The majority of the information came from this blog.

  • On the server I added the following registry settings to create the crash dump files...

    [HKEY_LOCAL_MACHINE\SOFTWARE\Microsoft\Windows\Windows Error Reporting\LocalDumps]

[HKEY_LOCAL_MACHINE\SOFTWARE\Microsoft\Windows\Windows Error Reporting\LocalDumps\w3wp.exe]
"DumpCount"=dword:00000005
"DumpFolder"=hex(2):43,00,3a,00,5c,00,43,00,72,00,61,00,73,00,68,00,44,00,75,\
00,6d,00,70,00,73,00,5c,00,00,00

(The DumpCount is the number of files to store before it starts overwriting old ones - DumpFolder is where the files are to be saved, is a REG_EXPAND_SZ and in my case represents C:\CrashDumps\)
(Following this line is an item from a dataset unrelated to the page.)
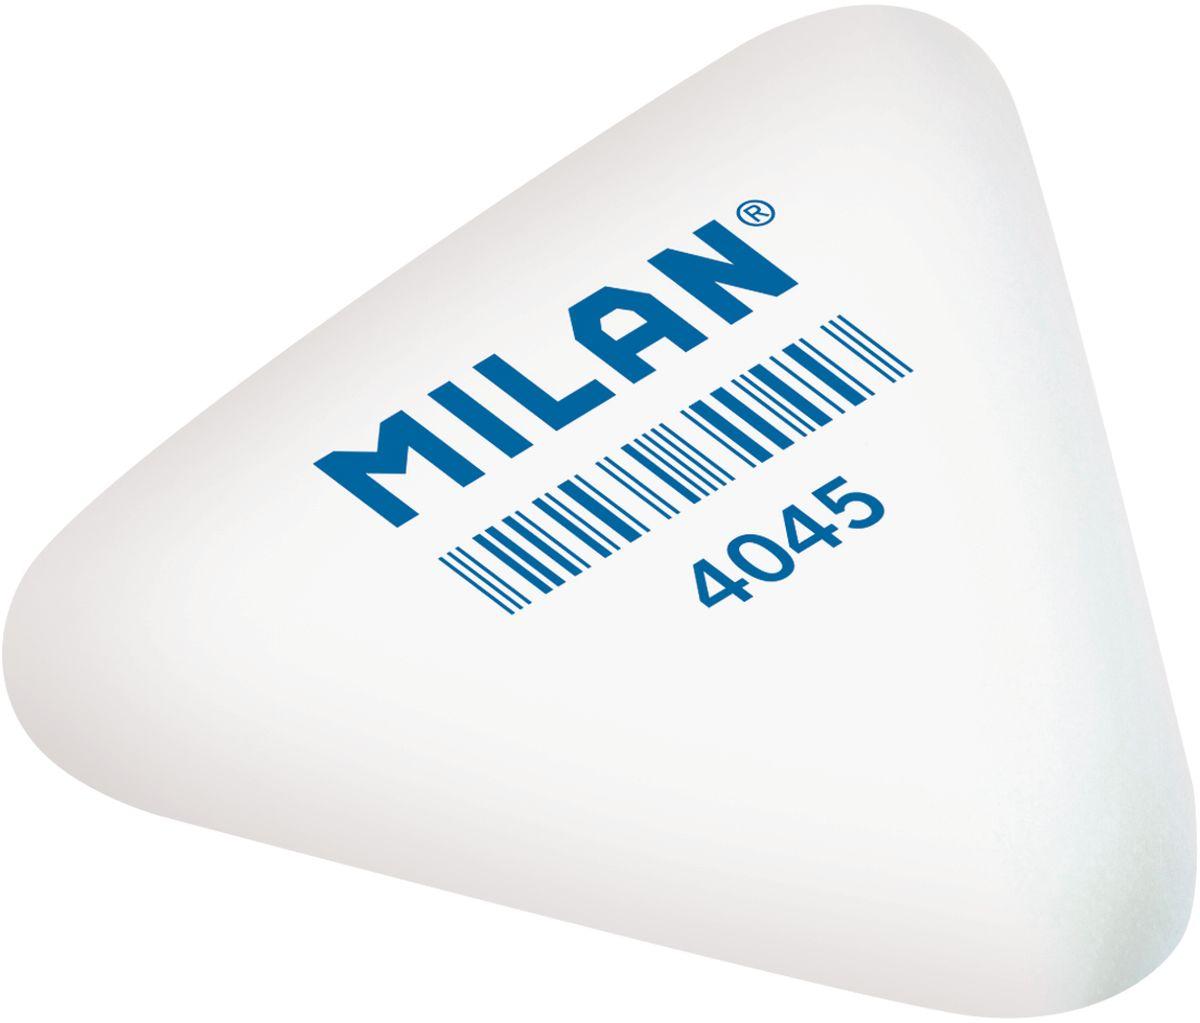 Milan Ластик 4045 треугольныйPMM4045Мягкий синтетический каучуковый ластик треугольной формы. Подходит для удаления штрихов от большинства графитовых карандашей на всех видах поверхностей.

  • Waited for crashes to happen
  • Copied the crash files into a directory on my local machine called C:\WinDbg\CrashDumps\
  • Create another directory called C:\WinDbg\Symbols, into which I placed...
    • clr.dll (from the server, taken from C:\Windows\Microsoft.NET\Framework64\v4.0.30319\)
    • sos.dll (from the server, taken from C:\Windows\Microsoft.NET\Framework64\v4.0.30319\)
    • all .dll and .pdb files from my local development environment, including third party component .dll files
  • Installed WinDbg via Windows Store on my Windows 10 development machine
  • Ran windbgx -y c:\windbg\symbols via Run command (for some reason it's windbgx on my machine but maybe that's because it's via the Store rather than manual download)
  • In the file menu Open dump file and select one of the dump files in C:\WinDbg\CrashDumps
  • Ran the following commands...
    • .symfix
    • .reload
    • .load c:\windbg\symbols\sos.dll (see note 1 below)
    • !clrstack (see note 2 below)

Although this didn't give me all the information I expected, what it did show was that one of my 3rd party components was 100% to blame for the stackoverflow exception.

Note 1 - Lots of places I read said that .loadby sos clr should be used, but that just gave me The call to LoadLibrary(C:\ProgramData\Dbg\sym\clr.dll\5E7D1F3B9eb000\sos.dll) failed and I couldn't figure out how to fix it... so instead I've used .load c:\windbg\symbols\sos.dll.

Note 2 - The !clrstack command worked because WinDbg appeared to pre-select the thread that had the exception. The other option is to use ~*e !clrstack which will show you call stacks for ALL threads.